Week of 091116

WLCG Service Incidents, Interventions and Availability

VO Summaries of Site Availability SIRs & Broadcasts
ALICE ATLAS CMS LHCb WLCG Service Incident Reports Broadcast archive

GGUS section

Daily WLCG Operations Call details

To join the call, at 15.00 CE(S)T Monday to Friday inclusive (in CERN 513 R-068) do one of the following:

  1. Dial +41227676000 (Main) and enter access code 0119168, or
  2. To have the system call you, click here
  3. The scod rota for the next few weeks is at ScodRota

General Information
CERN IT status board M/W PPSCoordinationWorkLog WLCG Baseline Versions Weekly joint operations meeting minutes

Additional Material:

STEP09 ATLAS ATLAS logbook CMS WLCG Blogs


Monday:

Attendance: local(Daniele, Jean-Philippe, Jamie, Patricia, Roberto, Gang, Harry, Dirk, Miguel, David, Julia, Alessandro, Simone, Andrea, MariaD);remote(Kyle(OSG), Michael, Gareth, Angela, Jason, Daniele (CNAF), Fabio, Ron).

Experiments round table:

  • ATLAS (Alessandro)- Quiet weekend. Couple of bursts of errors with CASTOR at CERN hopefully fixed by SRM upgrade. Atlas stager at CERN was moved to new hardware and the intervention was not transparent. Dashboard was down as announced, but other monitoring services were up like SLS, so it was still possible to monitor the service.

  • CMS reports (Daniele)- The follow up on the problem of low quality transfers beween CERN and FNAL is slower than expected. Disk to disk copy at CERN is very slow and needs follow up. Bad performance of MC production connected to a Condor bug is still being investigated. Shallow retry supposed to recover some of the failures seems to actually make the things worse. We do not know if WMS is responsible for some of the failures. Slow transfers to RAL. Globus error in Legnaro after an intervention on the CE. Needs to be investigated with Globus experts. 4 Tier2s have problems with BDII. Miguel wanted to comment on the problems at CERN: the first problem is not easy to understand (may be linked to an SRM upgrade?); the second problem was due to disk to disk copies done in parallel. This should be ok now.

  • ALICE (Patricia)- Quiet weekend. SRM upgrade this morning went well. The CREAM CEs are not working at CERN (GGUS 53286). Pending registration of DNs for MyProxy service has been done. Alice will publish the list of DNs that need to be authorized. This will help checks by FIO.

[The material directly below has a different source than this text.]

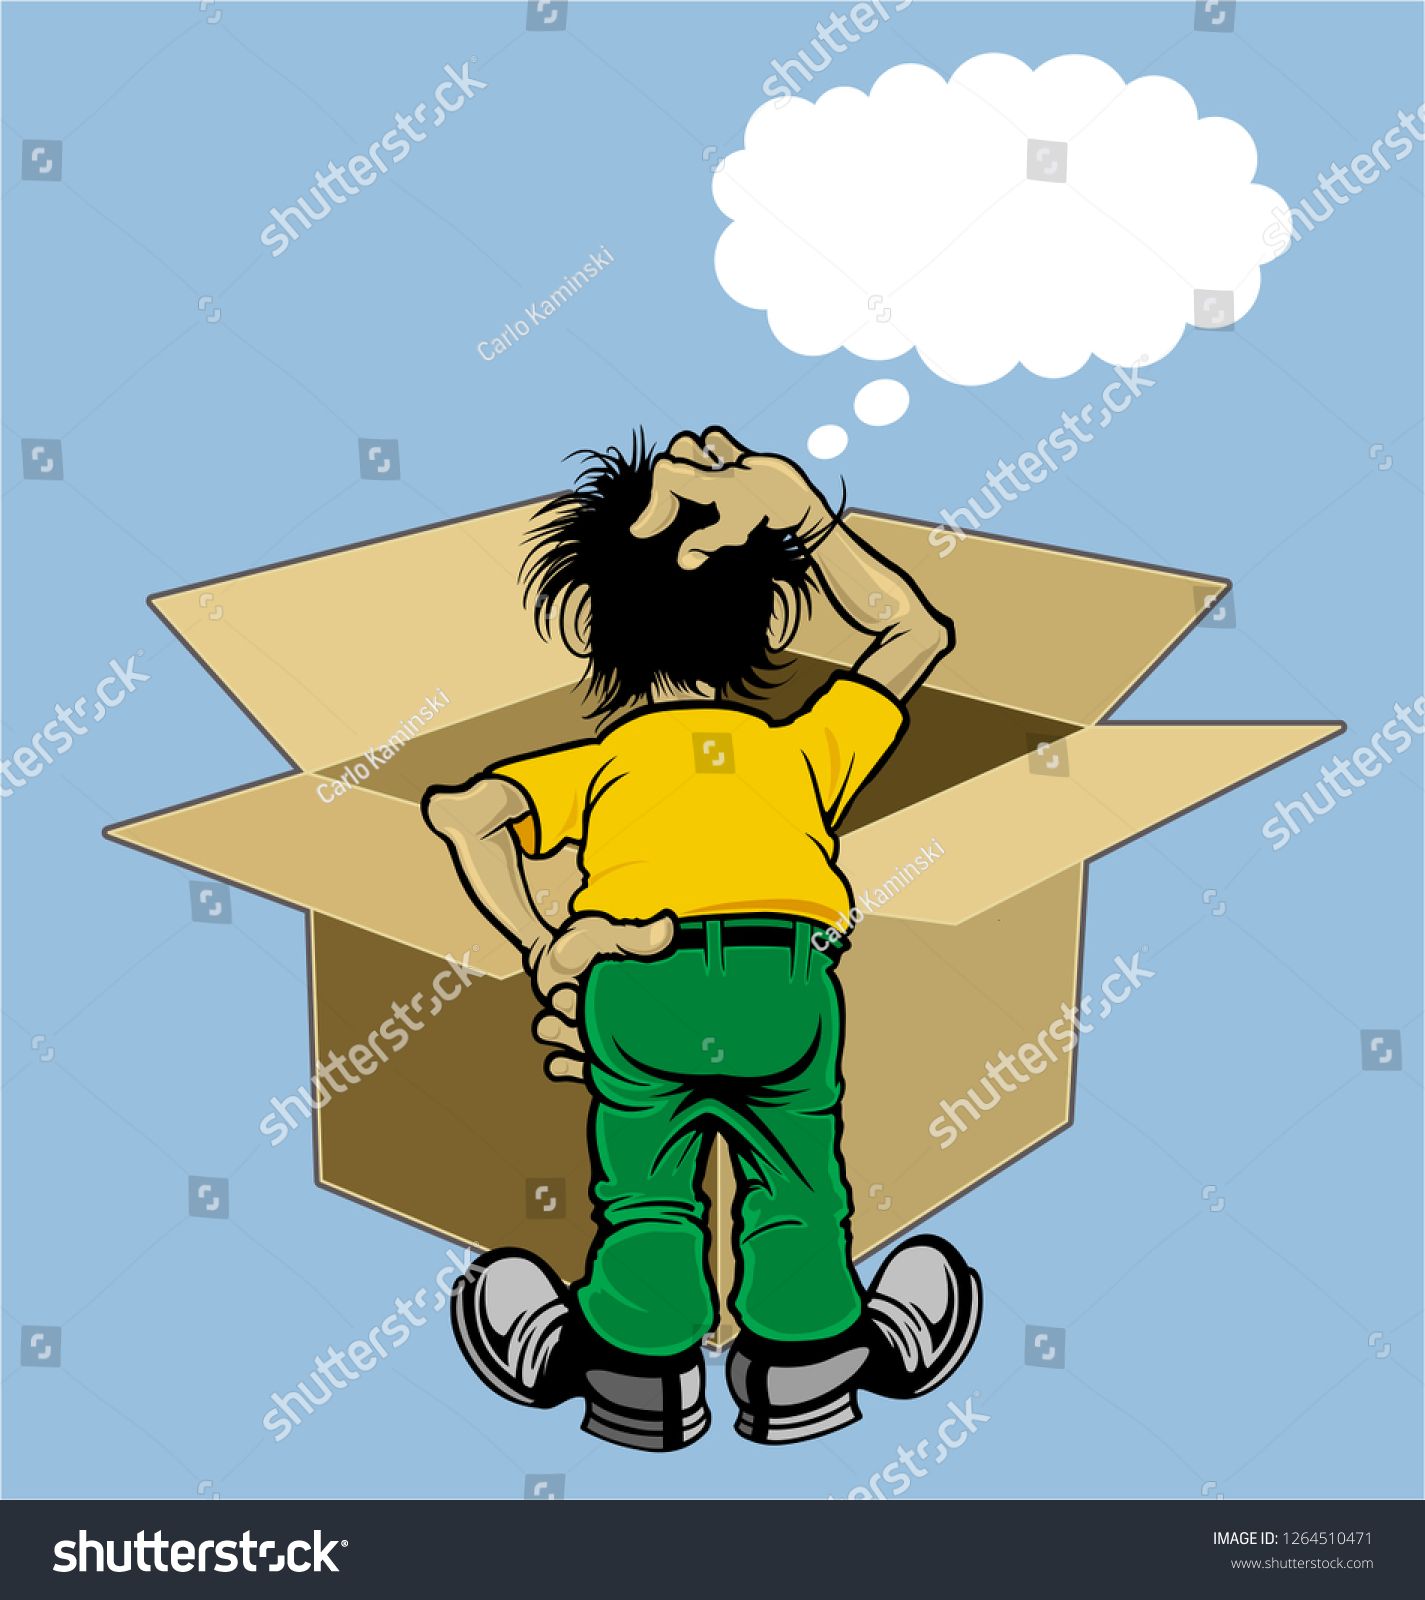 Thinking outside the box cartoon (also thinking out of the box or thinking beyond the box) is a metaphor that means to think differently, unconventionally, or from a new perspective. #1264510471

  • LHCb reports (Roberto)- Active weekend: MC production, stripping jobs at Tier1s and DST redistribution across Tier1s. No major issue. One GGUS ticket for Lyon and a few issues with shared areas at Tier2s.

Sites / Services round table:

  • Michael: The cause of the SRM exceptions was found by the developers thanks to the analysis done by BNL. The developers know how to fix it. The fix could be interesting for other sites.
  • Gareth: NTR. Tomorrow outage for FTS and MyProxy (two hours including drain). The maintenance of the UPS has been cancelled but a UPS test will take place on Thursday.
  • Angela: one CE offline due to disk failures, but jobs are still coming. Alessandro and Roberto will check why this CE is still targetted.
  • Jason: 40 cartridges with incorrect label. Those tapes are automatically disabled by CASTOR and the tapes are being relabeled. Robot mount errors have been fixed by recalibrating the second frame.
  • Fabio: NTR
  • Daniele (CNAF): NTR
  • Ron: SARA will be in scheduled maintenance on Wednesday for network upgrade + dCache upgrade (to enable tape protection). The intervention will take at most the day but most probably a few hours. ALICE VO box will be moved to new hardware.
  • David: PIC only reachable by GEANT because of the fibre cut between Madrid and Barcelona.
  • Julia: migration of the Dashboard DB for CMS tomorrow.
  • MariaD: NTR
  • Kyle (OSG): NTR

AOB:

Tuesday:

Attendance: local(Olof, Miguel, Jean-Philippe, Daniele, MariaD, Roberto, Jamie, Julia, Gang, Alessandro, Harry, Simone, Nicolo, Wei, MariaG);remote(Angela, Gonzalo, Jason, Jeremy, Daniele(CNAF), Michael, Ronald).

Experiments round table:

  • ATLAS (Alessandro)- 2 GGUS tickets incorrectly assigned by the Atlas shifters: burst of 1200 errors in a few minutes when transferring to Triumf; one assigned to Boston University because BU SRM does not publish the information in BDII which causes FTS failures. Michael says that work is in progress and problem should be fixed in next few days. ASGC is back in Cosmic Data distribution and will get 5% of the data; they will get standard ESDs and AODs as well. Tonight there will be a raw data taking test for collision data. The test will send 600 MB/s to all Tier1s. BNL will get all ESDs for Cosmic an Collision data. Because of the high data rate Atlas need more disk servers to be installed at CERN preferably before the end of this week. Simone will distribute the list of tags by the end of this week.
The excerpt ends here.